_Problem statement_
Your copy should contain exactly the lines from the one that holds "Adventures concept with" through the end of the material, reproduced as written, with no pictures.

_Data extract_
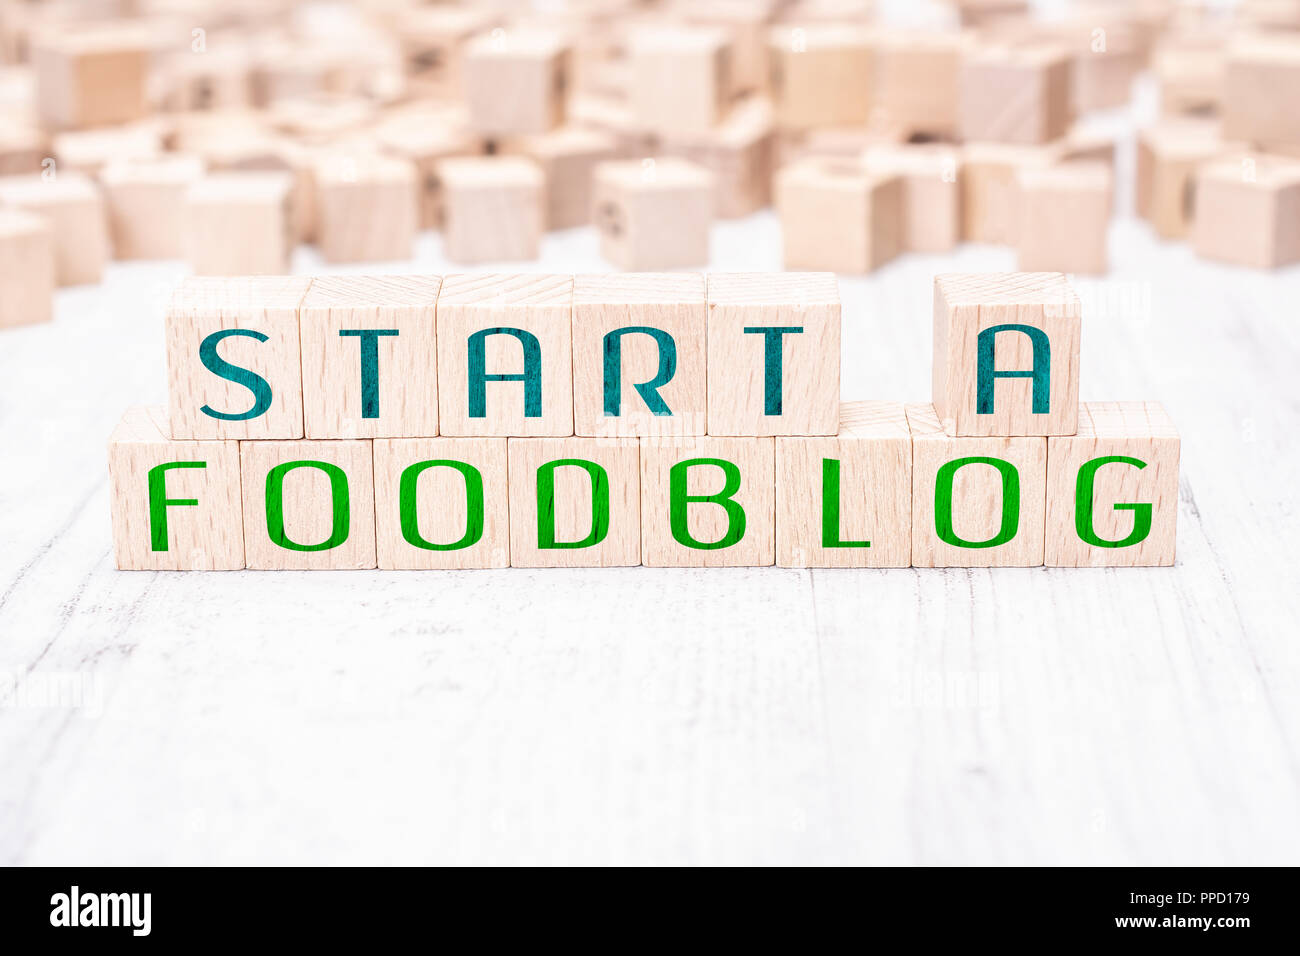 The Words Start A Foodblog Formed By Wooden Blocks On A White Table Stock Photo
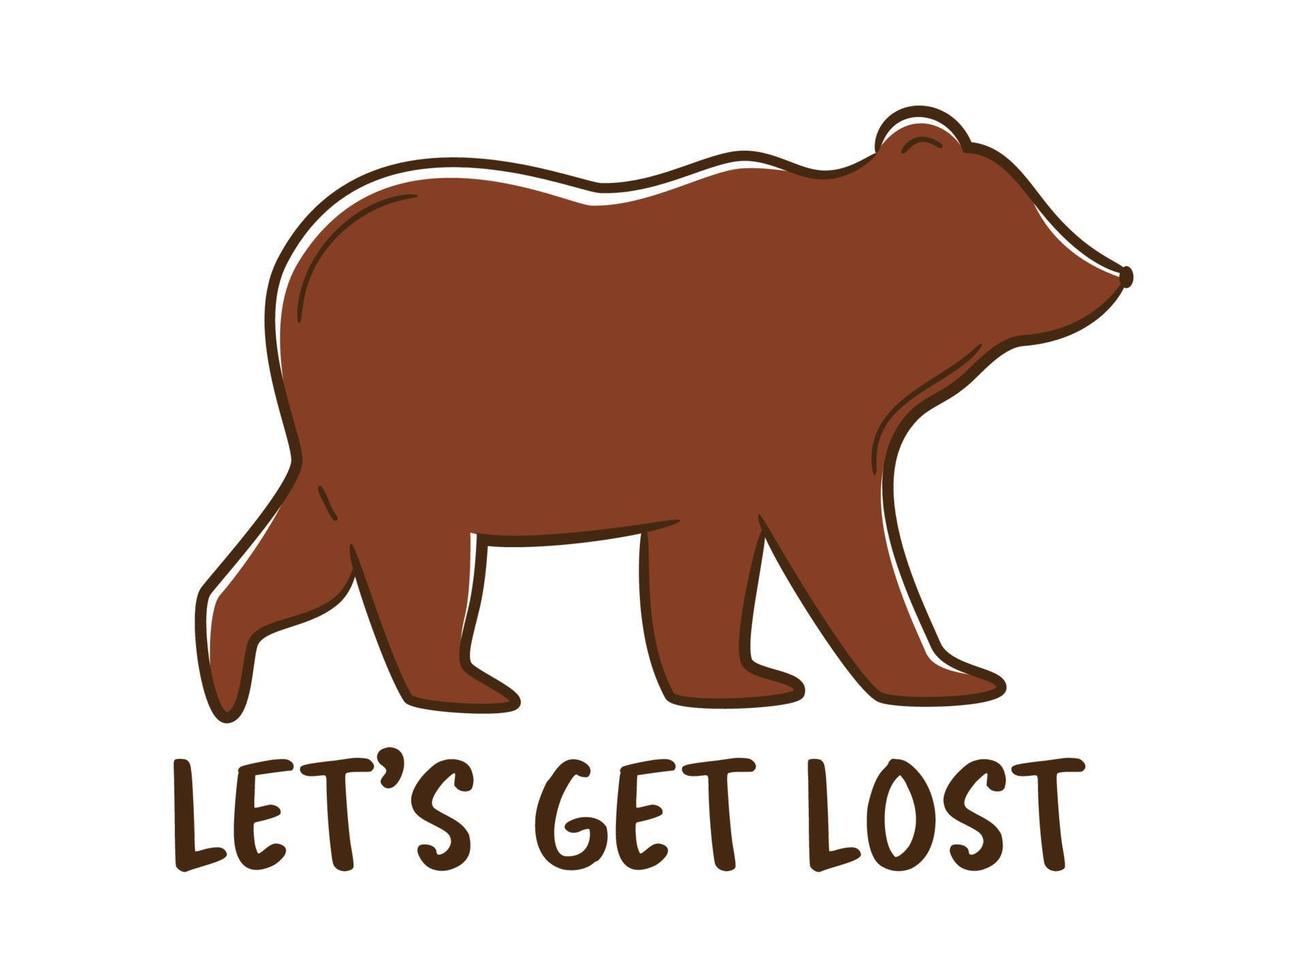 Adventures concept with bear and hand-lettering sign let's get lost vector
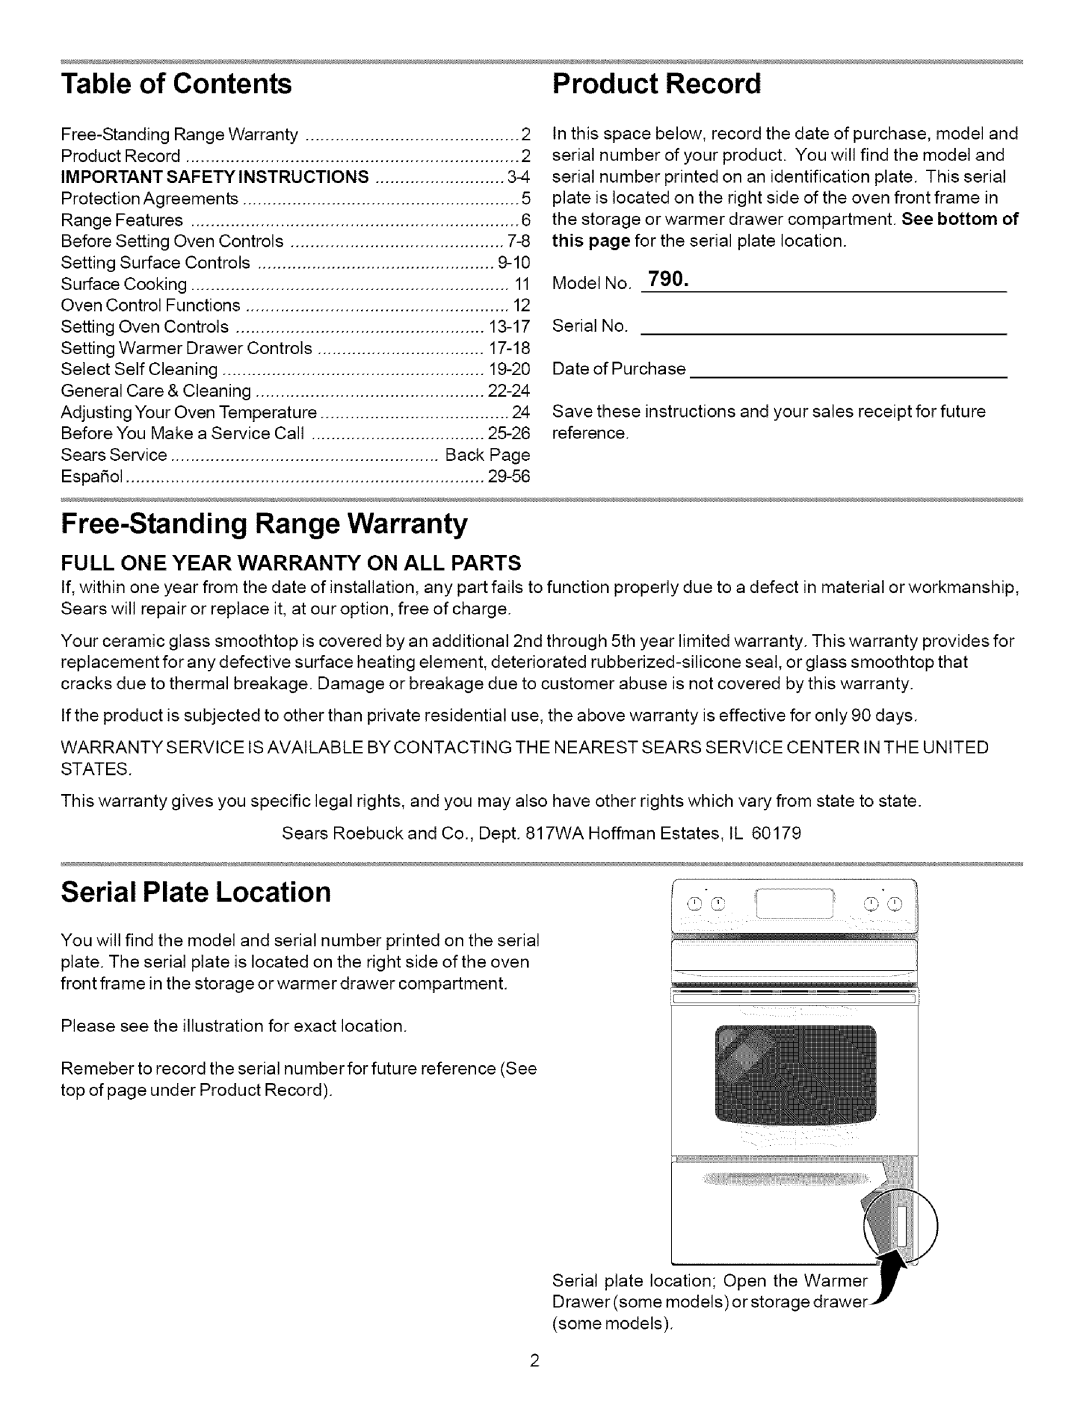 Kenmore 790.9621, 790.9631, 790.9622 Table of Contents, Product, Record, Free-StandingRange Warranty, Serial Plate Location

_Written solution_
 Adventures concept with bear and hand-lettering sign let's get lost vector
 Kenmore 790.9621, 790.9631, 790.9622 Table of Contents, Product, Record, Free-StandingRange Warranty, Serial Plate Location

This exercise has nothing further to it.